Similar to using ifilter, you could use a generator expression:

>>> (x for x in xrange(10) if x > 5).next()
6

In either case, you probably want to catch StopIteration though, in case no elements satisfy your condition.

Technically speaking, I suppose you could do something like this:

>>> foo = None
>>> for foo in (x for x in xrange(10) if x > 5): break
... 
>>> foo
6

It would avoid having to make a try/except block. But that seems kind of obscure and abusive to the syntax.

Since you've requested a built-in one-liner, this will avoid the issue of a StopIteration exception, though it requires that your iterable is small so you can cast it to a list, since that is the only construct I know of which will swallow a StopIteration and let you peek at the values:

(lambda x:x[0] if x else None)(list(y for y in ITERABLE if CONDITION))

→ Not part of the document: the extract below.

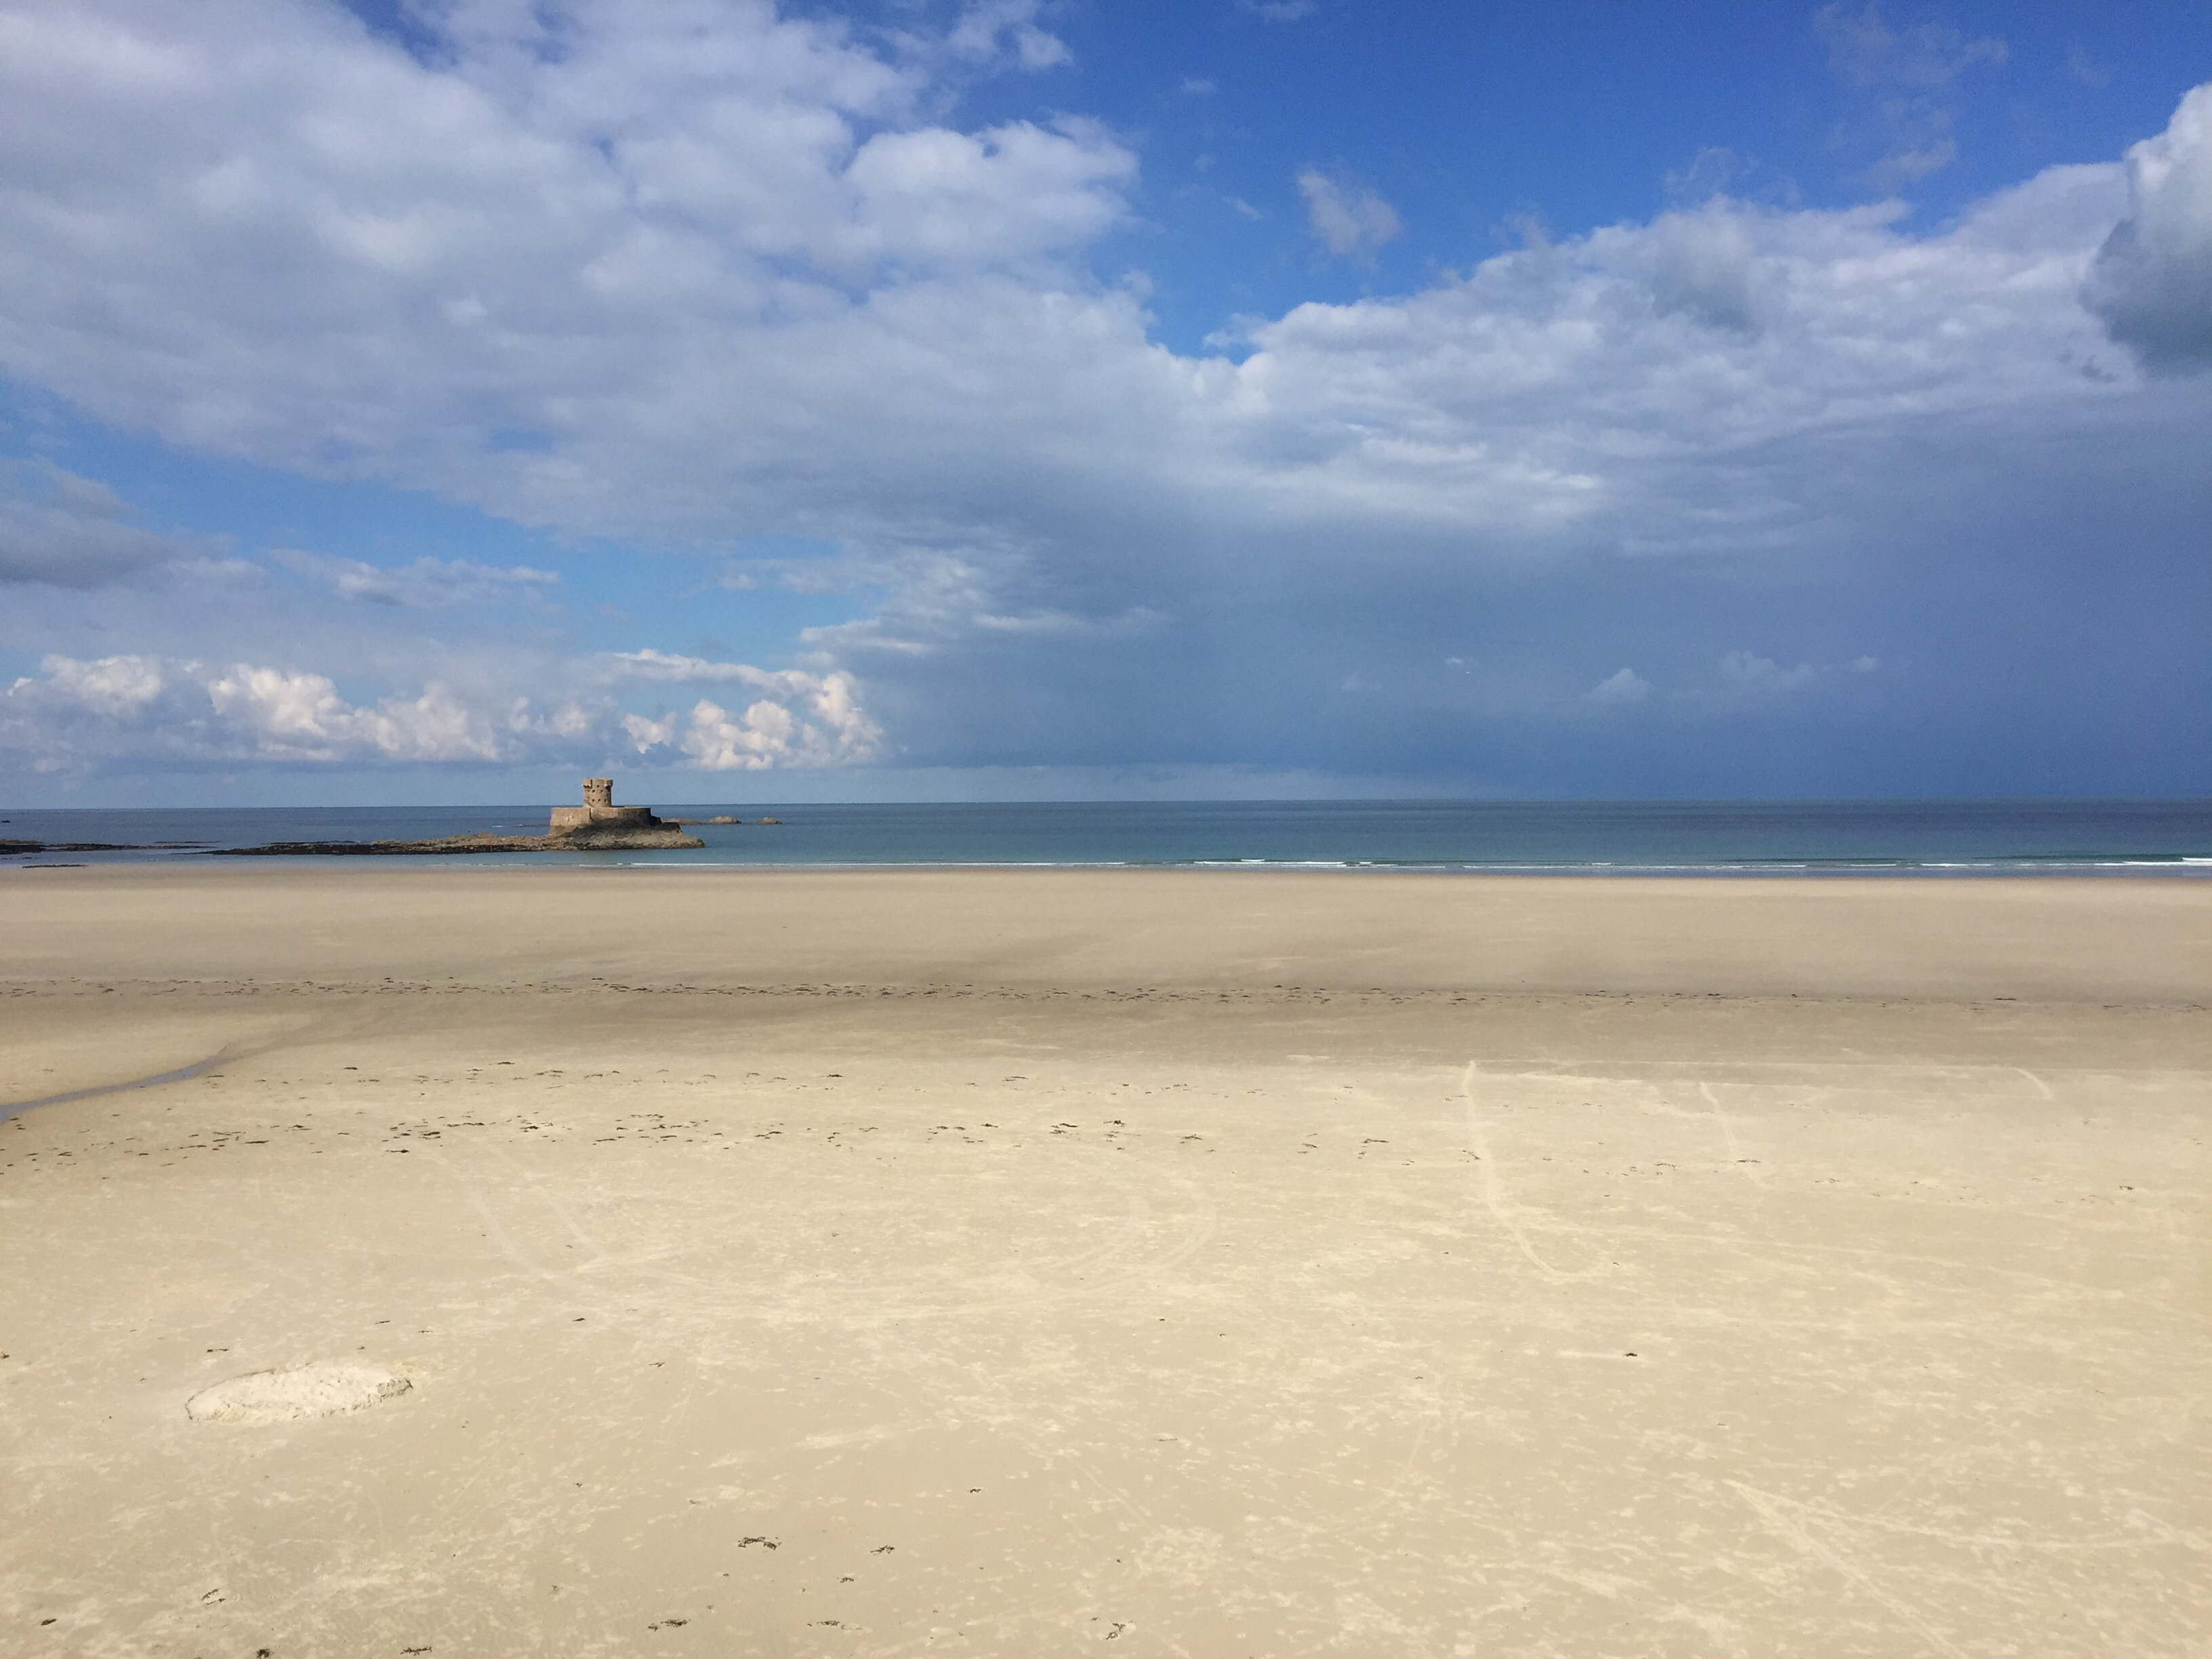 St. Ouens beach
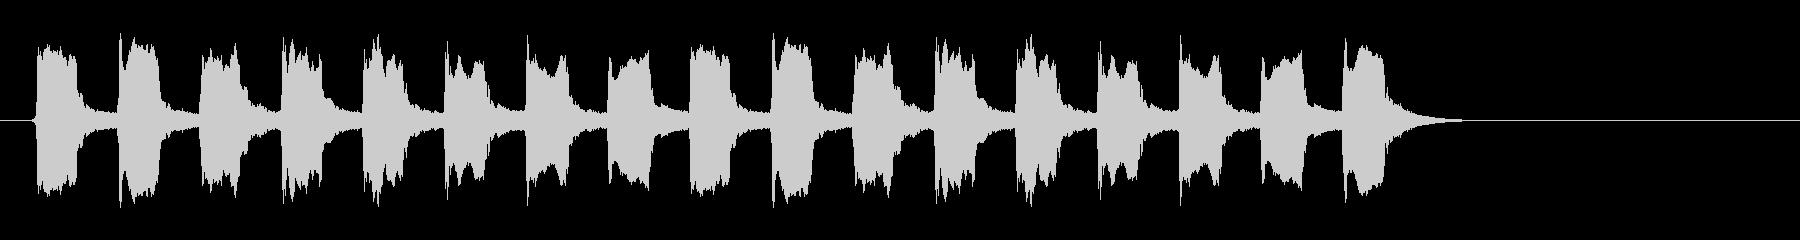 グラインダーの未再生の波形

(If no element matches, you will get None rather than a StopIteration exception.)

In Python 3:

a = (None, False, 0, 1)
assert next(filter(None, a)) == 1

In Python 2.6:

a = (None, False, 0, 1)
assert next(iter(filter(None, a))) == 1

EDIT: I thought it was obvious, but apparently not: instead of None you can pass a function (or a lambda) with a check for the condition:

a = [2,3,4,5,6,7,8]
assert next(filter(lambda x: x%2, a)) == 3

Oneliner:

thefirst = [i for i in range(10) if i > 3][0]

If youre not sure that any element will be valid according to the criteria, you should enclose this with try/except since that [0] can raise an IndexError.

Damn Exceptions!

I love this answer. However, since next() raise a StopIteration exception when there are no items, i would use the following snippet to avoid an exception:

a = []
item = next((x for x in a), None)

For example,

a = []
item = next(x for x in a)

Will raise a StopIteration exception;

Traceback (most recent call last):
  File "<stdin>", line 1, in <module>
StopIteration

I would write this

next(x for x in xrange(10) if x > 3)